У него было одутловатое лицо, невнятный взгляд и белесая щетина на щеках. Когда он двигал руками, из-под пальто выглядывала синяя рубаха без двух пуговиц на животе.

– Нет, я Маятник. – решительно сказал незнакомец. – С постоянством маятника два раза в сутки я прихожу в этот винный магазин и покупаю бутыль вина. Первый раз – ровно в полдень, во второй раз – в полночь. Вернее, сначала в полночь, а затем – в полдень. Впрочем, это не столь важно. Главное, что при этом я маюсь и, что это происходит изо дня в день, из года в год.
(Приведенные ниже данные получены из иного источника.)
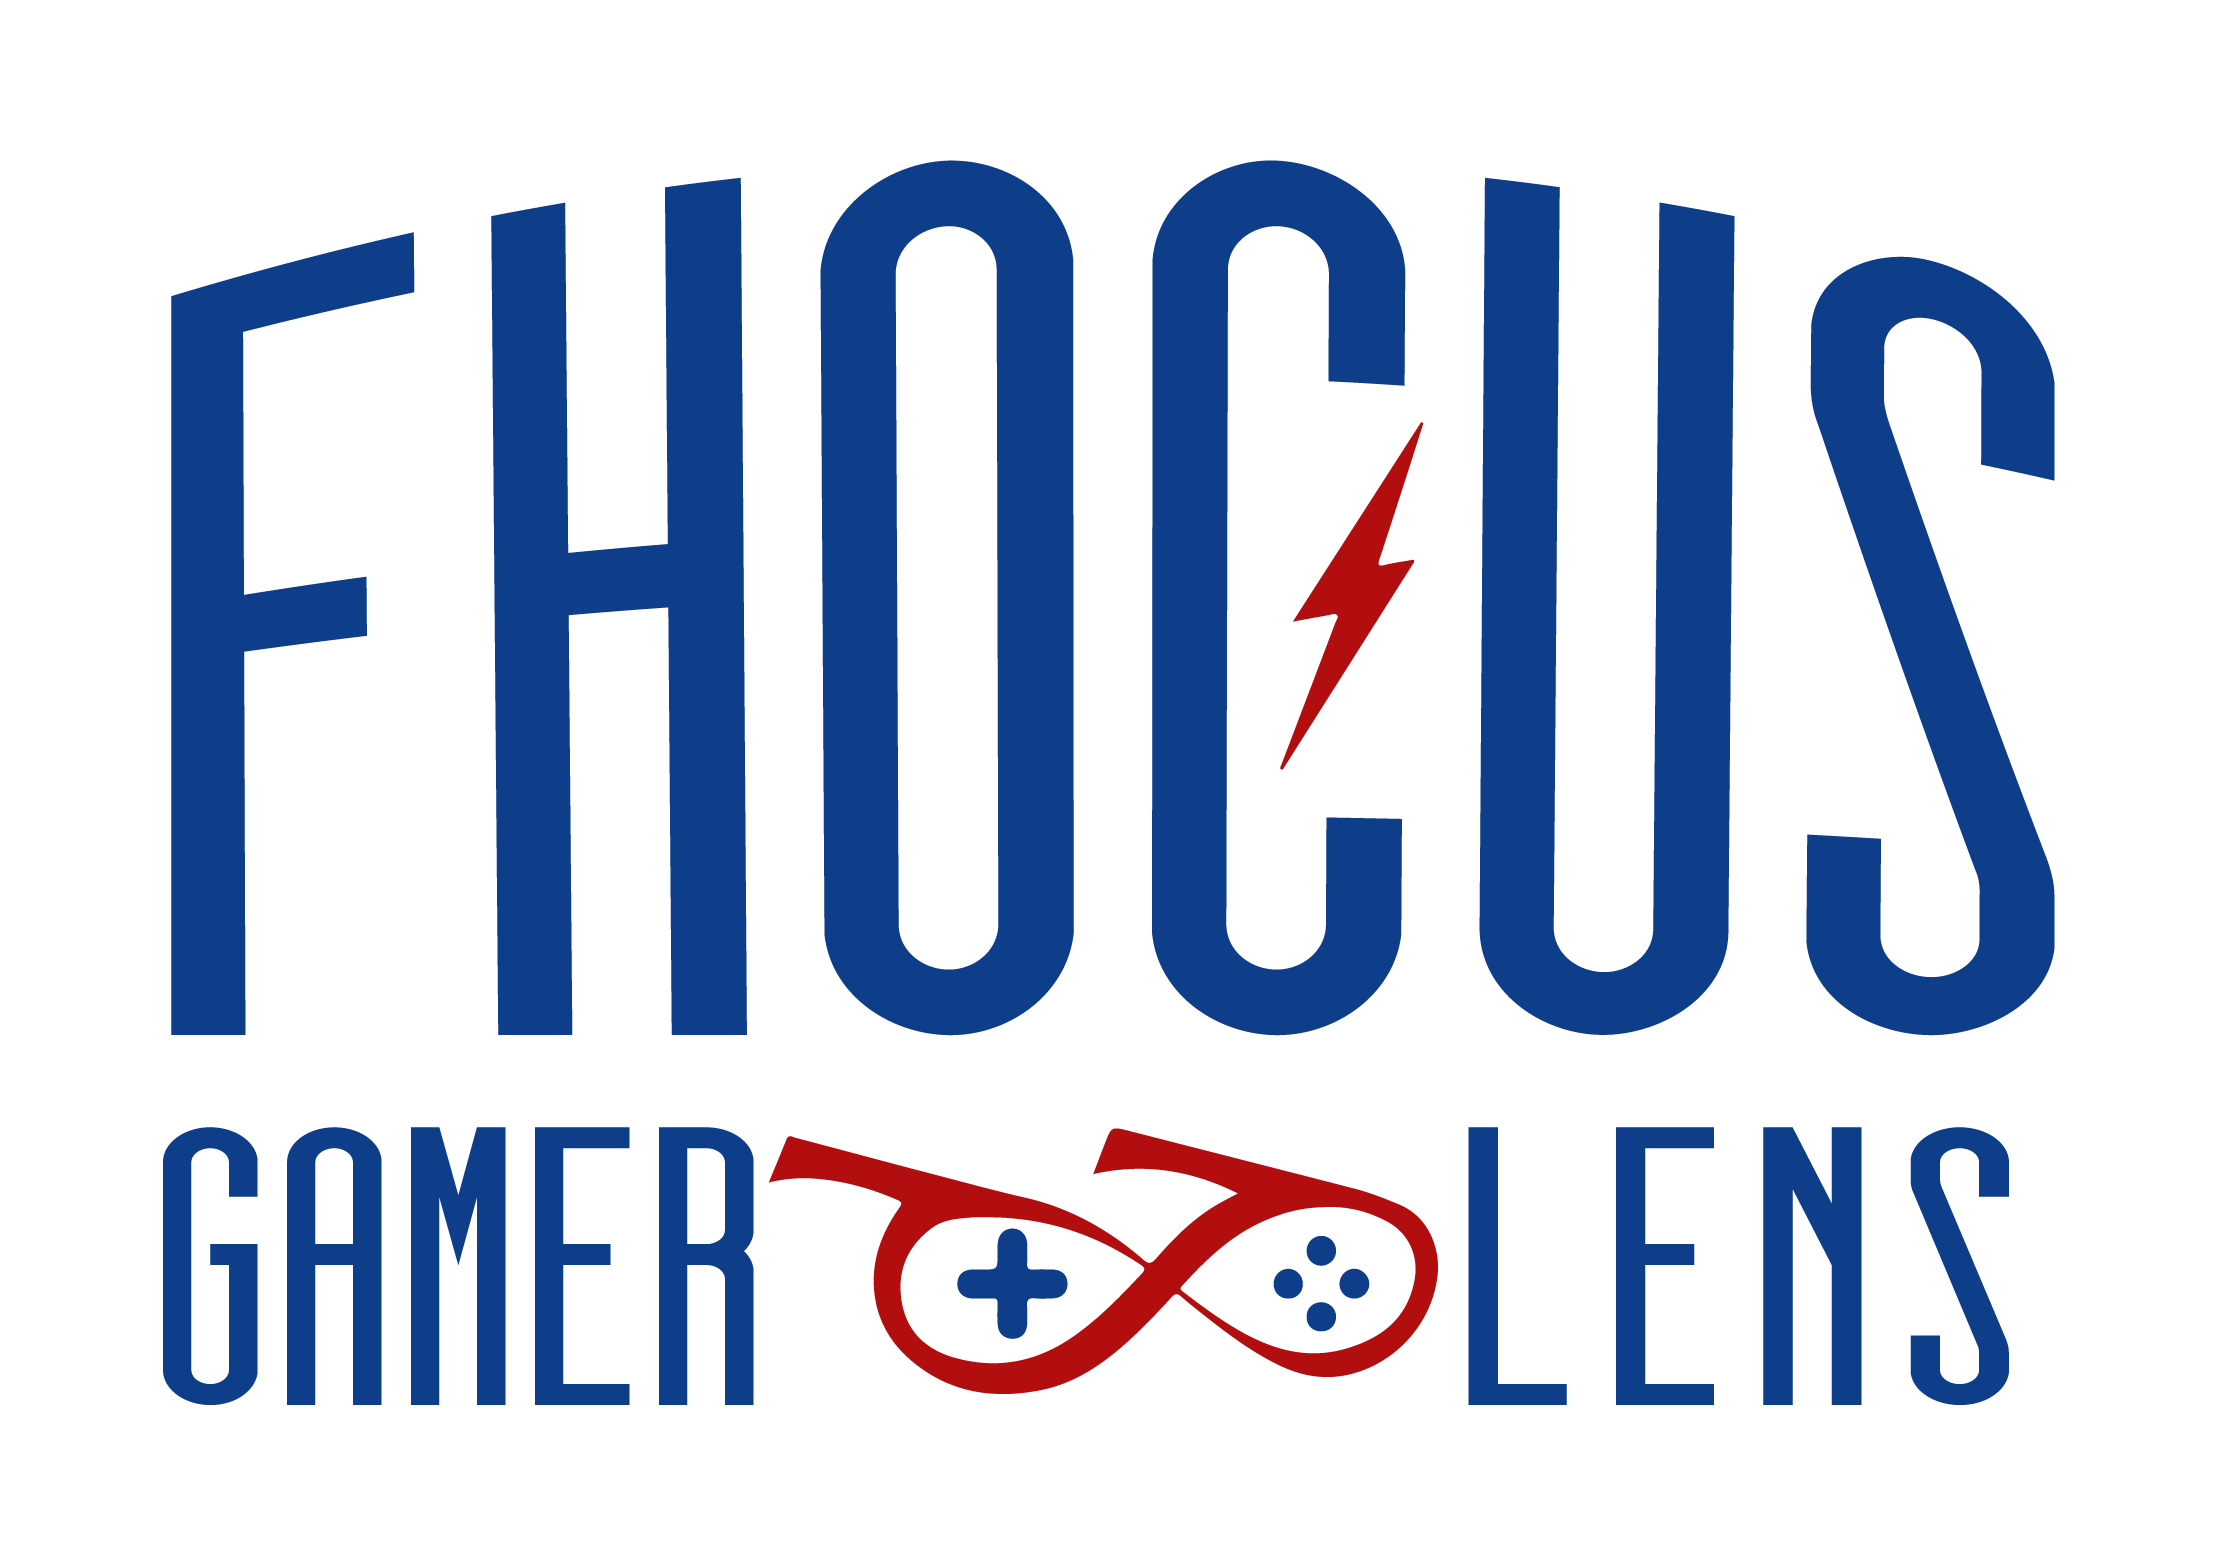 Logo Fhocus Gamer Lens, cores azul e vermelha

А иногда мне кажется, что – из века в век. Недаром меня здесь считают такой же городской достопримечательностью, как развалины древней башни. Так что, Ромуальд, не сомневайся – я Маятник. И даже больший, чем тот, который в часах, потому что я Маятник вдвойне.

– Почему ты назвал меня Ромуальдом?

– А что, разве тебе не нравится это имя? – Маятник приподнял брови, изображая удивление.

Прохожие с недоумением поглядывали на странного человека, который, как им казалось, разговаривал сам с собой.

– Ну ладно, Ромуальд, гонись за своим Мегабайтом, а я пойду маяться. – Маятник дружески похлопал карман, в котором лежала бутыль и зашагал через улицу.

– Откуда ты знаешь про Мегабайта? – спросил Ром, догоняя его.

Маятник ничего не ответил и только зашагал быстрее. Ром не отставал. Они свернули в темный и узкий переулок. Здесь Маятник замедлил шаг и стал приглядываться к домам, будто видел их впервые.

– Вроде бы, этот, – пробормотал Маятник и вошел в подъезд старого дома.

Поднявшись на второй этаж и, не обращая никакого внимания на Рома, будто его не было вовсе, он позвонил в дверь. Дверь открыла замысловатого вида женщина. Если бы кто-нибудь стал рассматривать ее снизу вверх, то перво-наперво увидел бы синие остроносые тапки, расшитые серебряными узорами, над которыми, скособочившившись, стояли шерстяные носки. Далее следовало что-то вроде зеленых шаровар с отвисшими коленками. Затем – пестрая блуза с малиновой кофтой поверх нее, голова с длинным, будто из пластмассы сделанным носом и, наконец, кичка.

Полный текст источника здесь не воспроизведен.